Work request.
Extract the stretch of lines that starts at the line with "Milvus 2.0 Redefining Vector Database" and ends at the last line of the data below. Give it exactly, without pictures.

Dataset content.
-- Opening Marker --
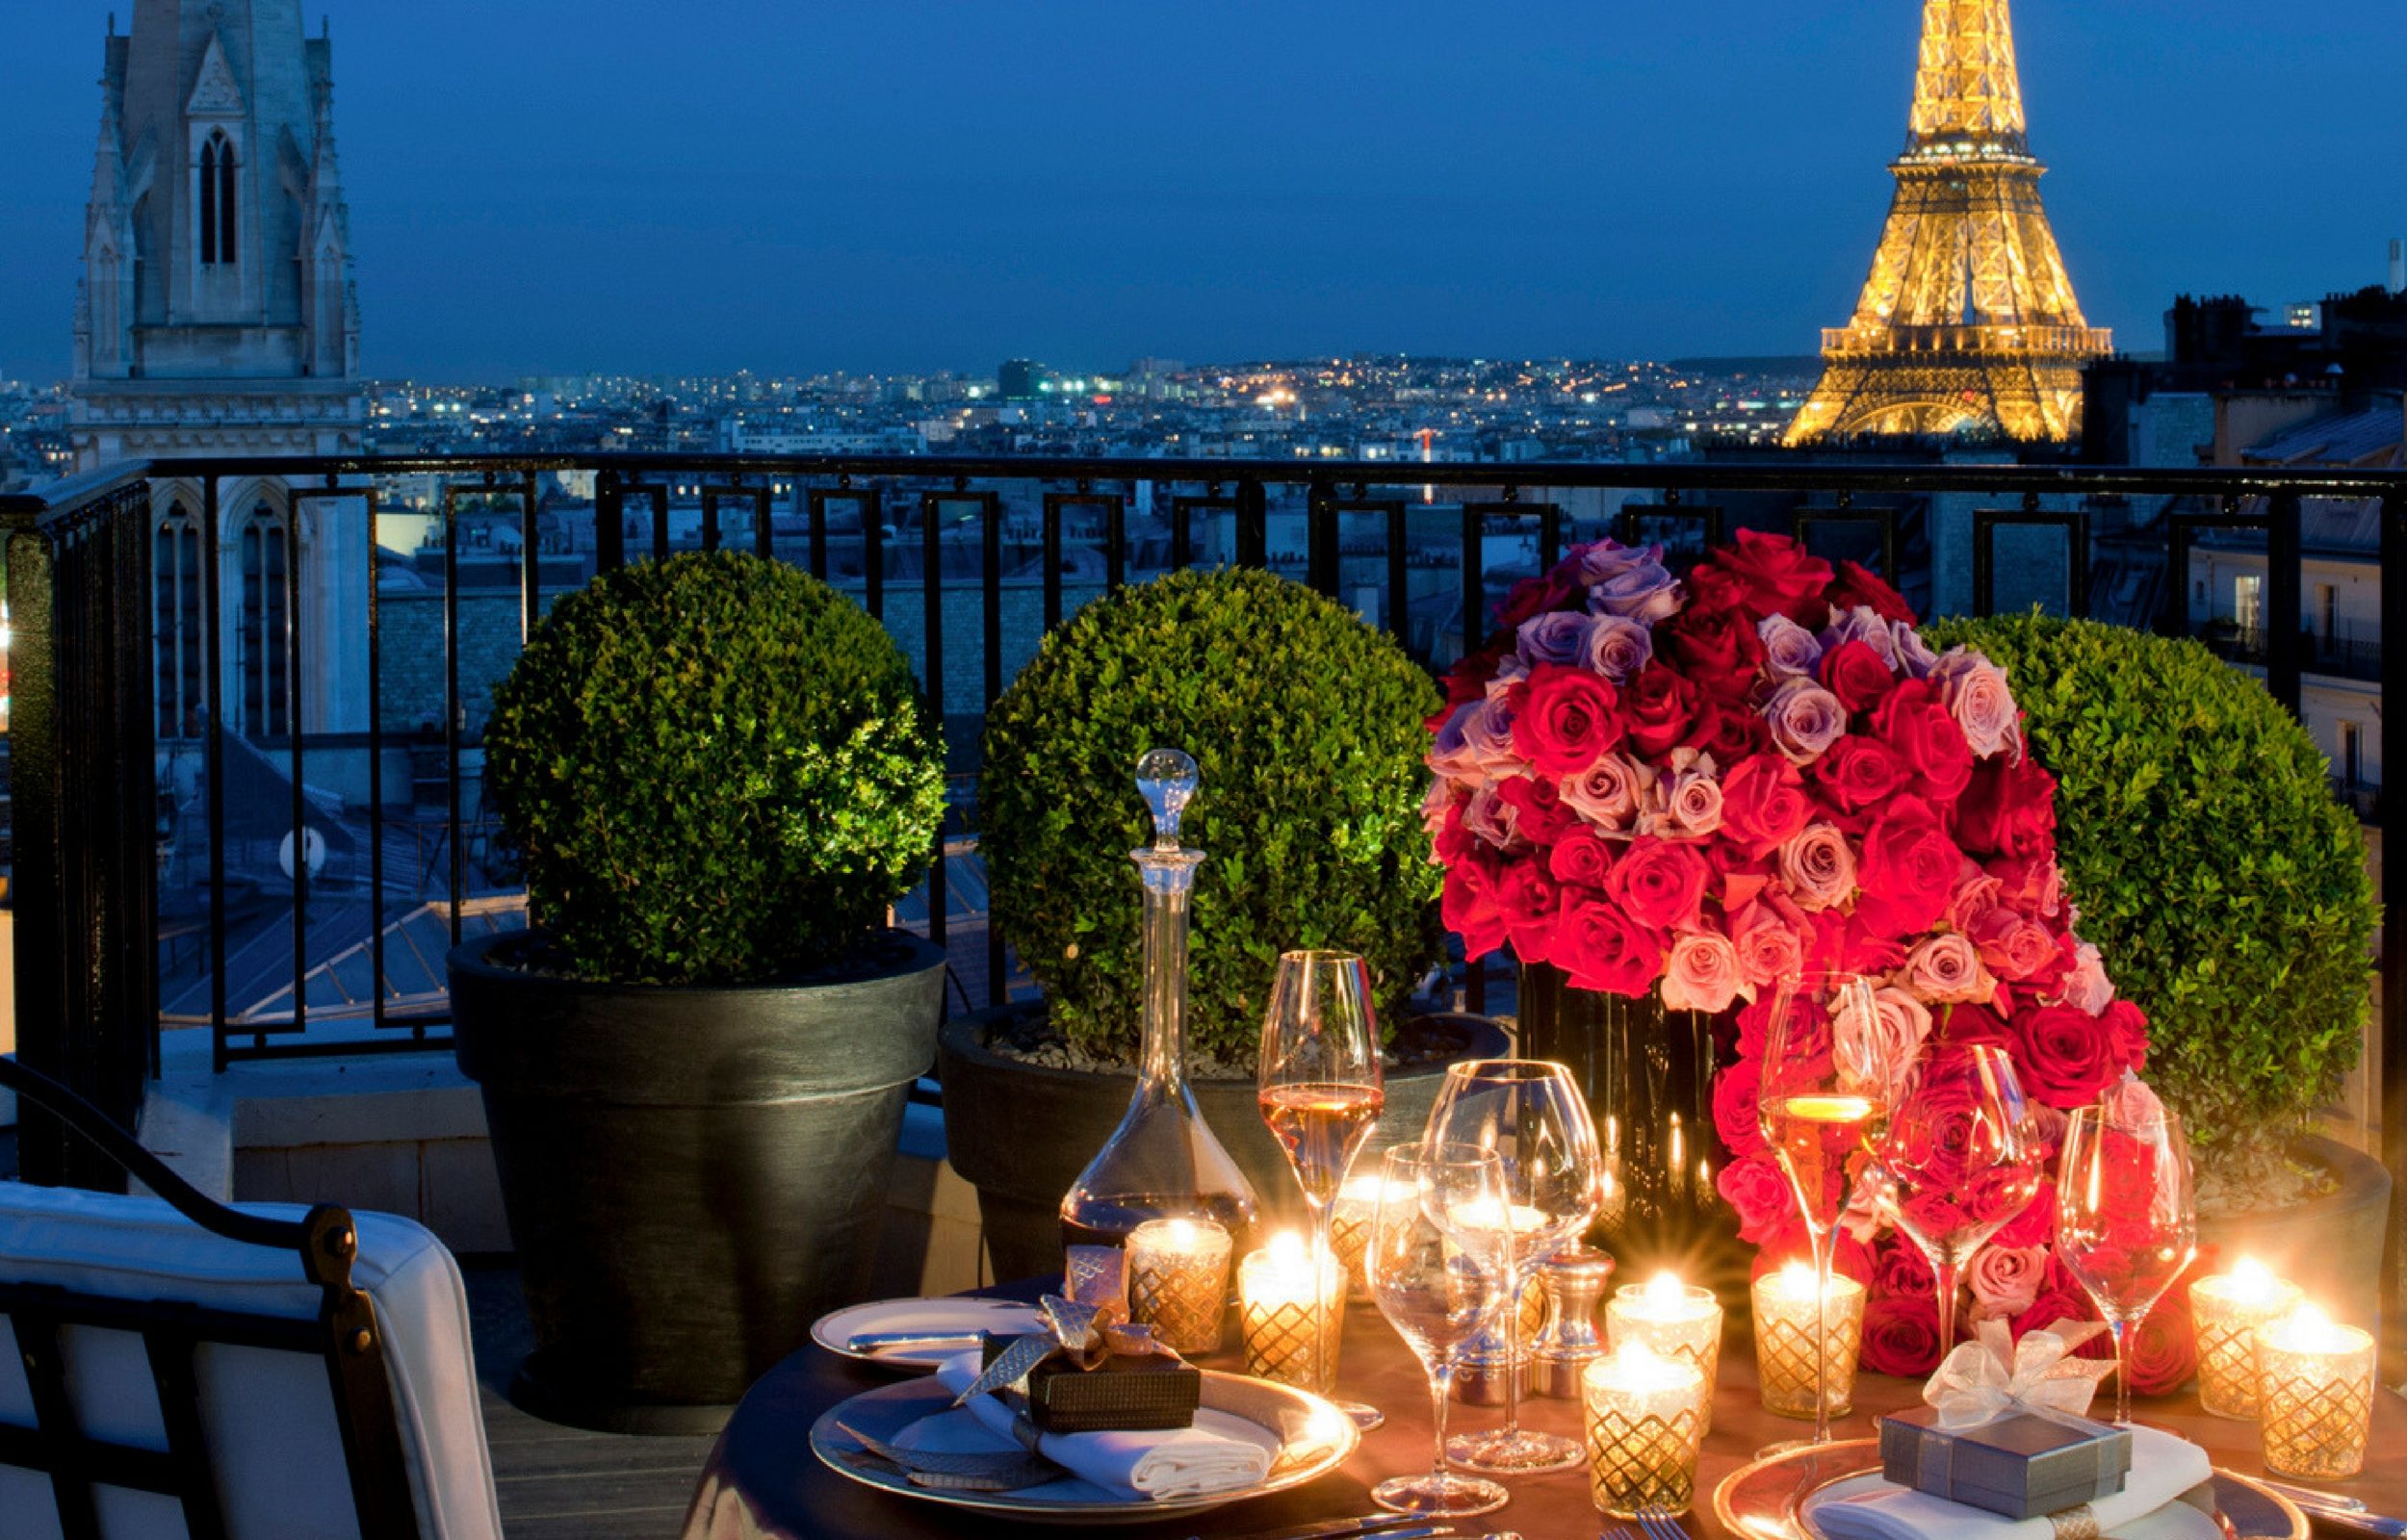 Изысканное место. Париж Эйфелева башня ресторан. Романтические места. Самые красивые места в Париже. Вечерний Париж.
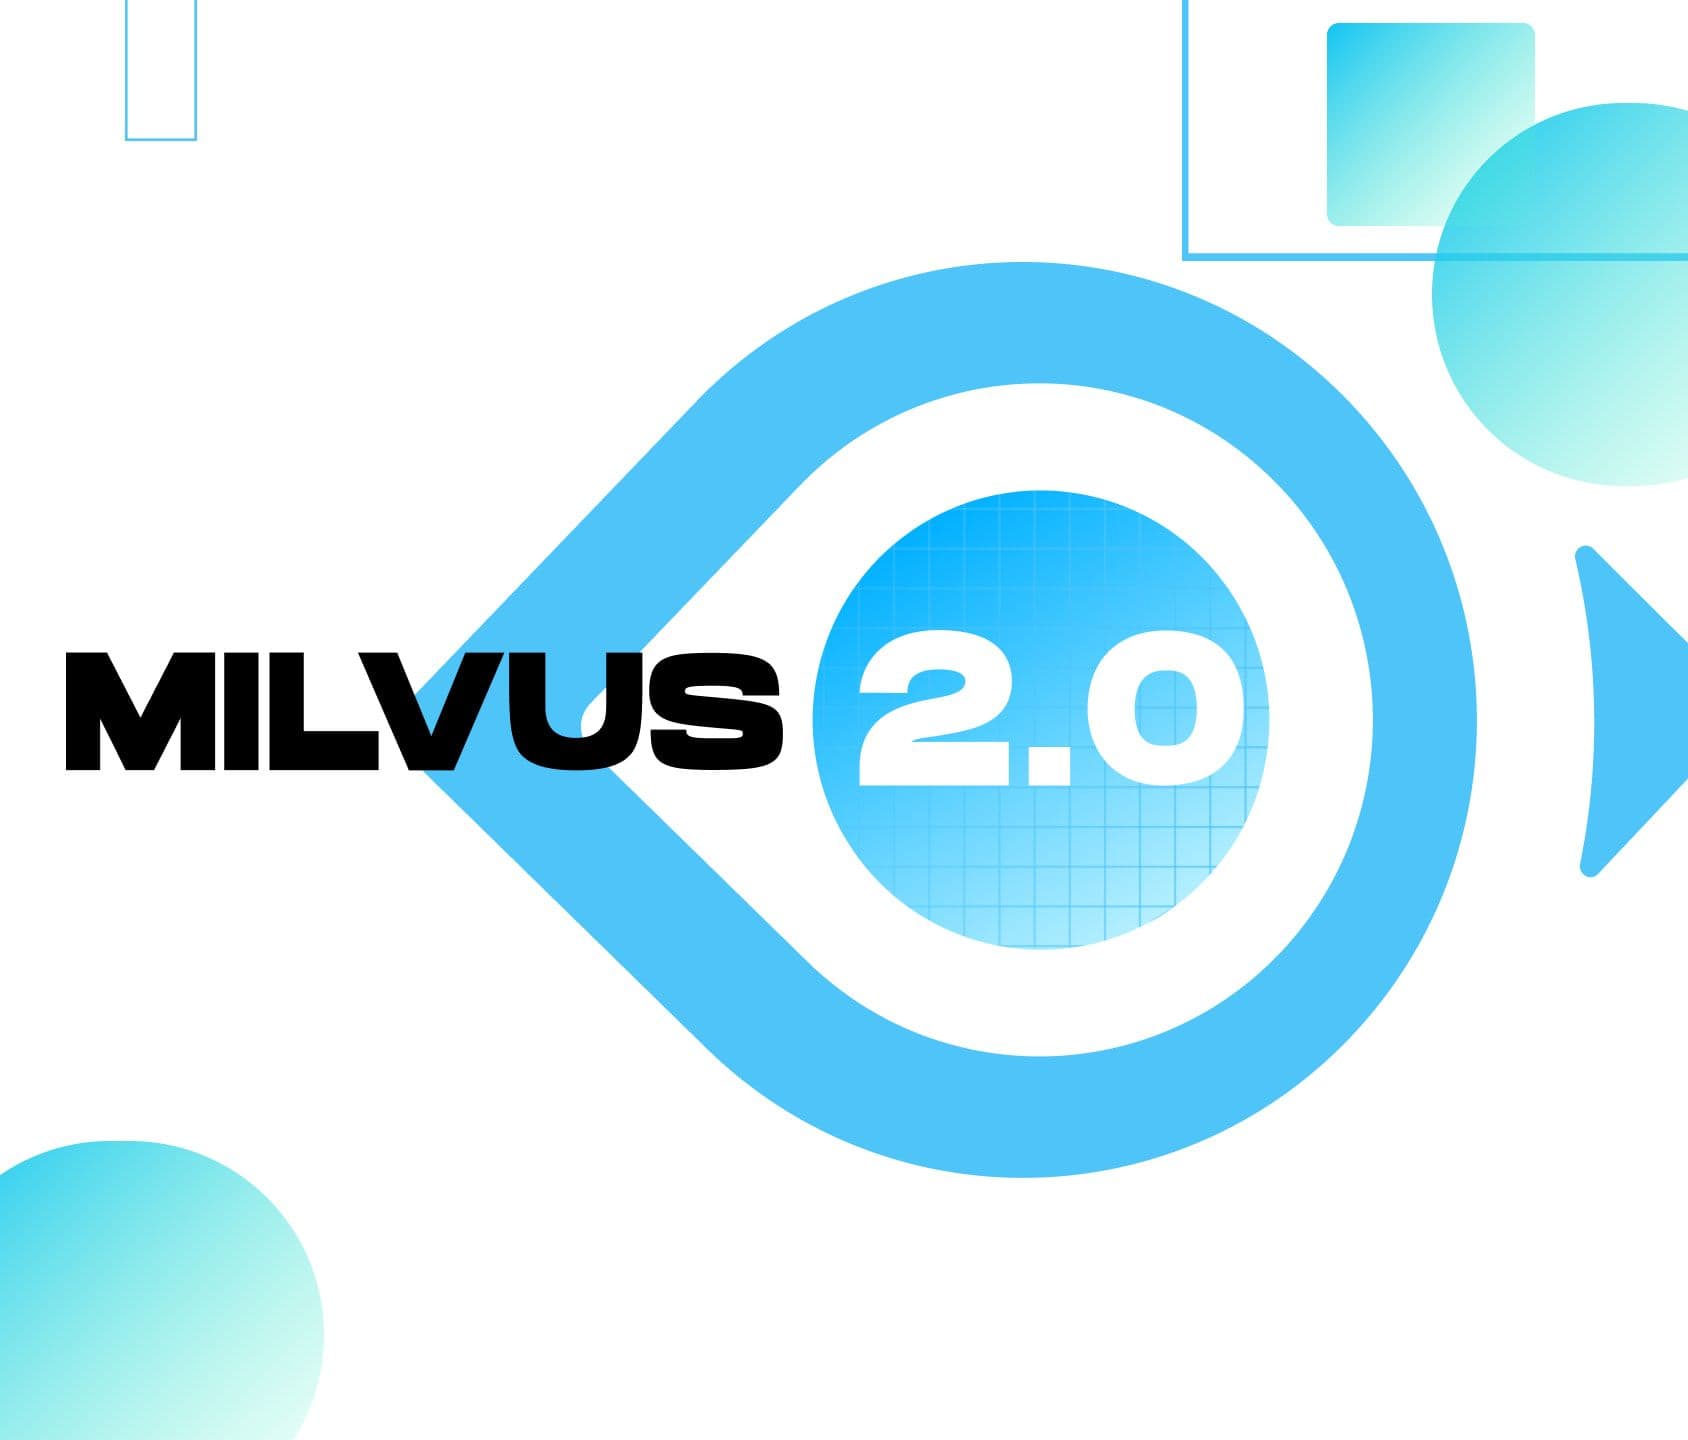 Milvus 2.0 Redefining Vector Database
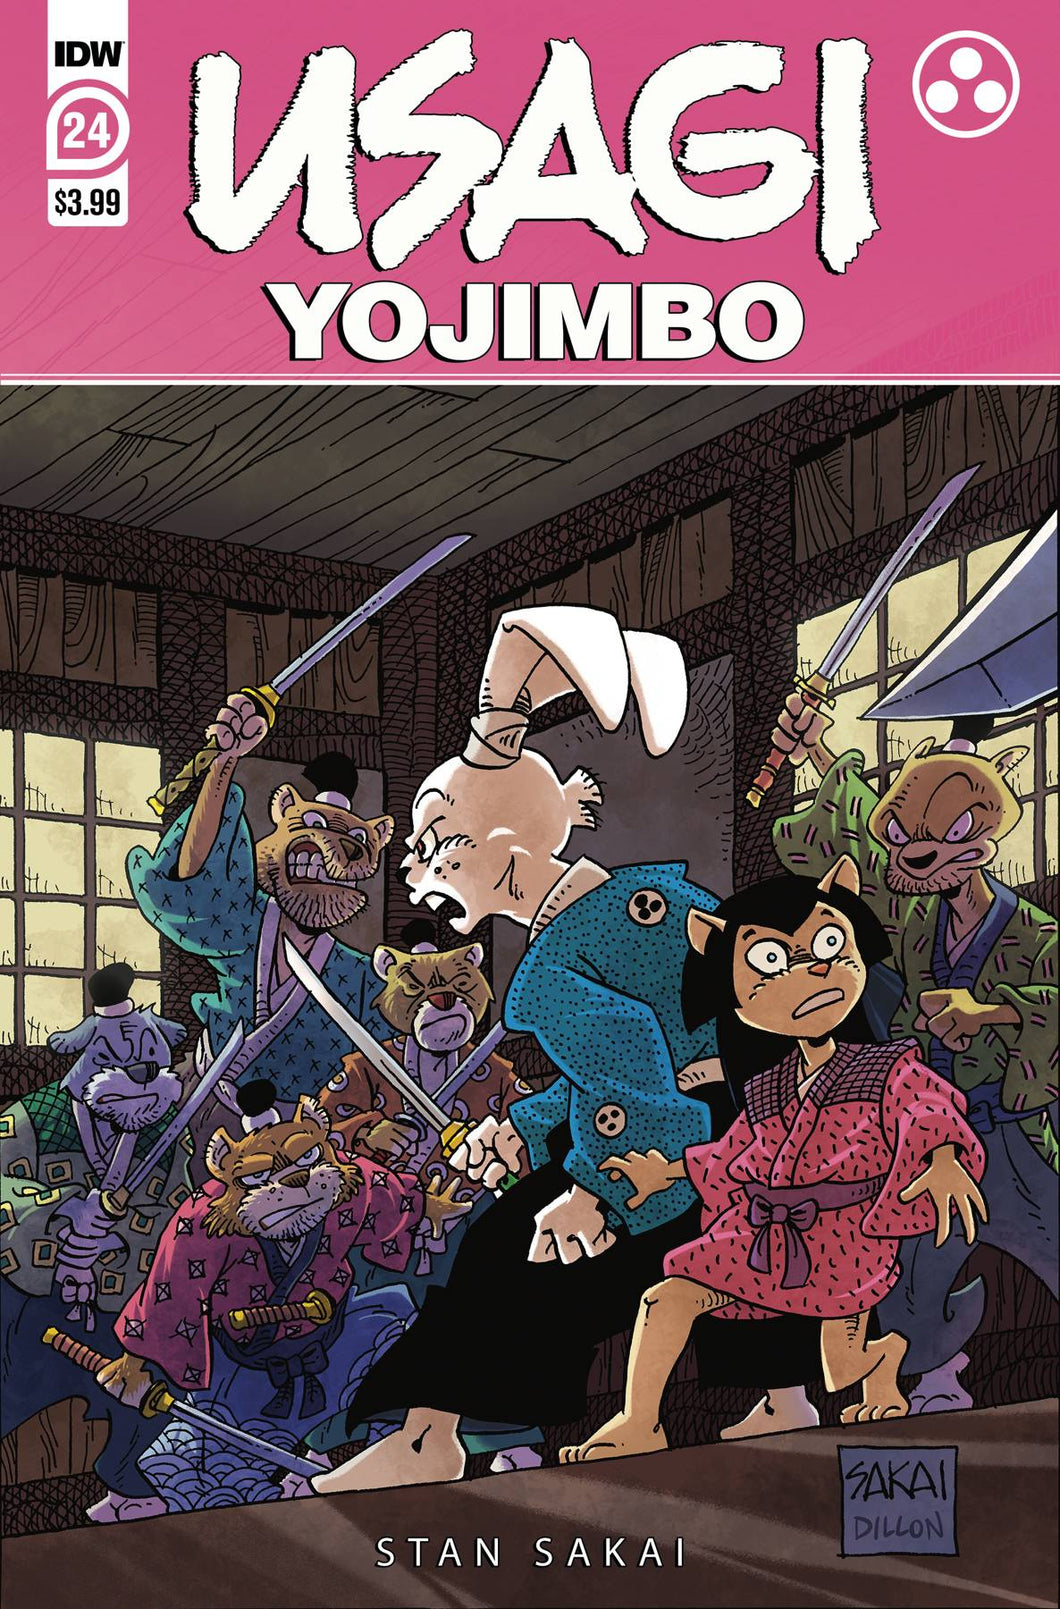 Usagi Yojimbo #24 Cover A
-- Closing Marker --
Solved problem.
 Milvus 2.0 Redefining Vector Database
 Usagi Yojimbo #24 Cover A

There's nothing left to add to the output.